Each day, the British Government do a televised daily briefing.  The Scottish briefing is signed for the deaf.  The English briefing is not.  Apparently, deaf people don’t need to know what’s happening.

There are NO home delivery slots available for groceries for the next 3 weeks (shame on you if you have booked a slot but are under 70 and healthy), forcing the very old, the disabled and the chronically sick onto the street for food.  I don’t know if you’ve ever gone round a supermarket on a mobility scooter or in a wheelchair, but 80% of the items on the shelves are inaccessible.  You can only reach the food on the shelves at eye level, so often have to ask others to pass you stuff.  But of course, we are social distancing and this can currently not happen.  How, then, are these vulnerable people supposed to shop?  Or get through a checkout when the operator is behind a screen?  (which obviously they have to be, I’m just pointing out the situation from a disabled person’s perspective).
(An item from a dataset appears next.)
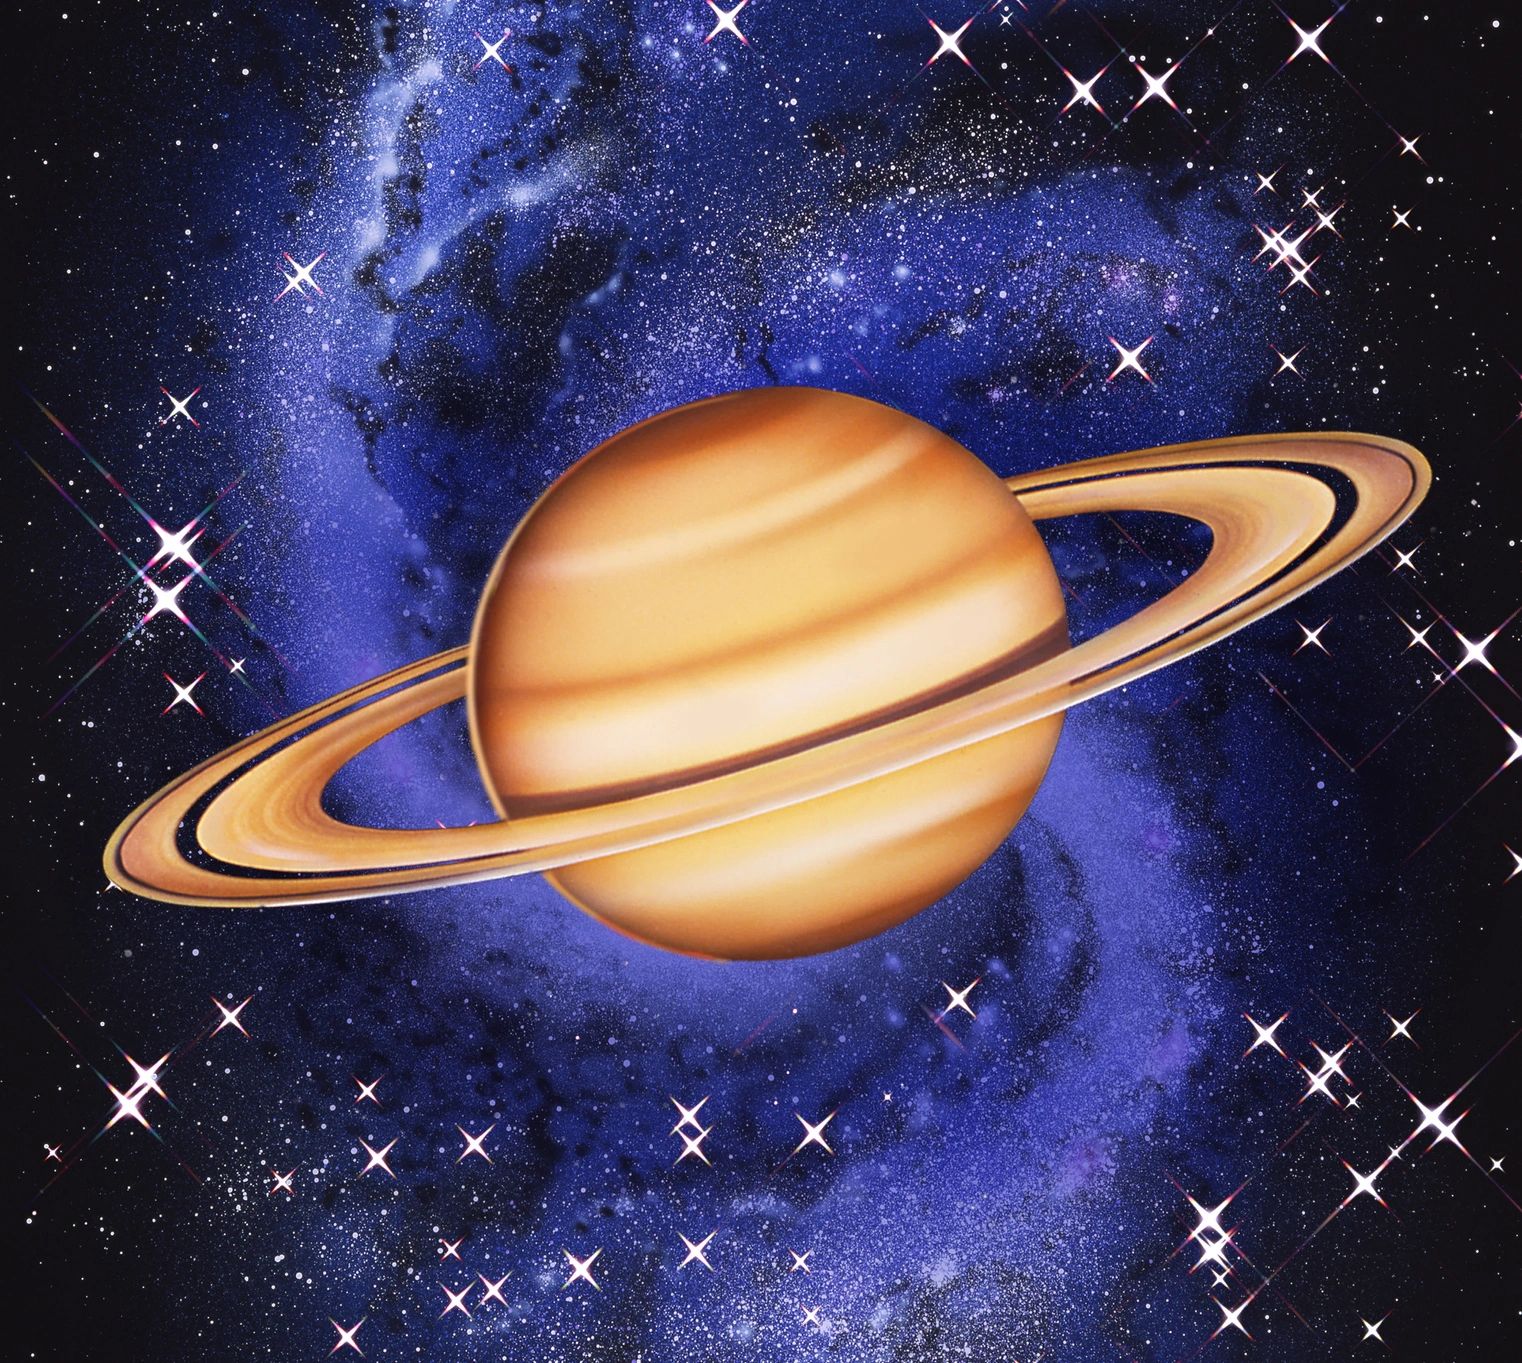 Saturn Retrograde May 10Sept 28, 2020

I’ve lived for nearly 20 years in a tiny hamlet in the Lake District.  I’ve spent the week dealing with a very poorly 80 year old parent, so forgot to put my mobility scooter on charge.  I need to be strict with social distancing, as I am caring for very ill parents, so am taking my daily exercise on the edge of my village (I can only walk short distances on the flat).  Normally I’d go out on my mobility scooter, but as the battery was dead I drove ¼ mile to the edge of the village in order to get fresh air and walk my little dog (the only companion I have as I live alone).  I was hollered at by a neighbour for making an unnecessary journey.

My genetic disease, and brain injury, aren’t going to suddenly disappear because there is a pandemic.  I may not be able to live exactly by the rules all of the time because I am not healthy or fit.  Does that mean I should be verbally attacked in the street?

We are only 10 days into lockdown and already neighbours are becoming vigilantes.  It reminds me of the Jews in the war who were turned on by their communities and dobbed in by neighbours they’d known all their lives.

It’s already becoming dog eat dog.

Some people think they’re being good neighbours by offering to shop and help the vulnerable in their communities.  And while this is admirable, these people didn’t get sick or old or disabled last week.  They have struggled and lived in isolation for years, while you have busily gone about your life and ignored them.  And when the pandemic is over, you will ignore them again.

We are not a “community”.  We are the sick and the healthy.  The young and the old.  The able-bodied and the non-able-bodied.  We live totally separate lives and none more so than now.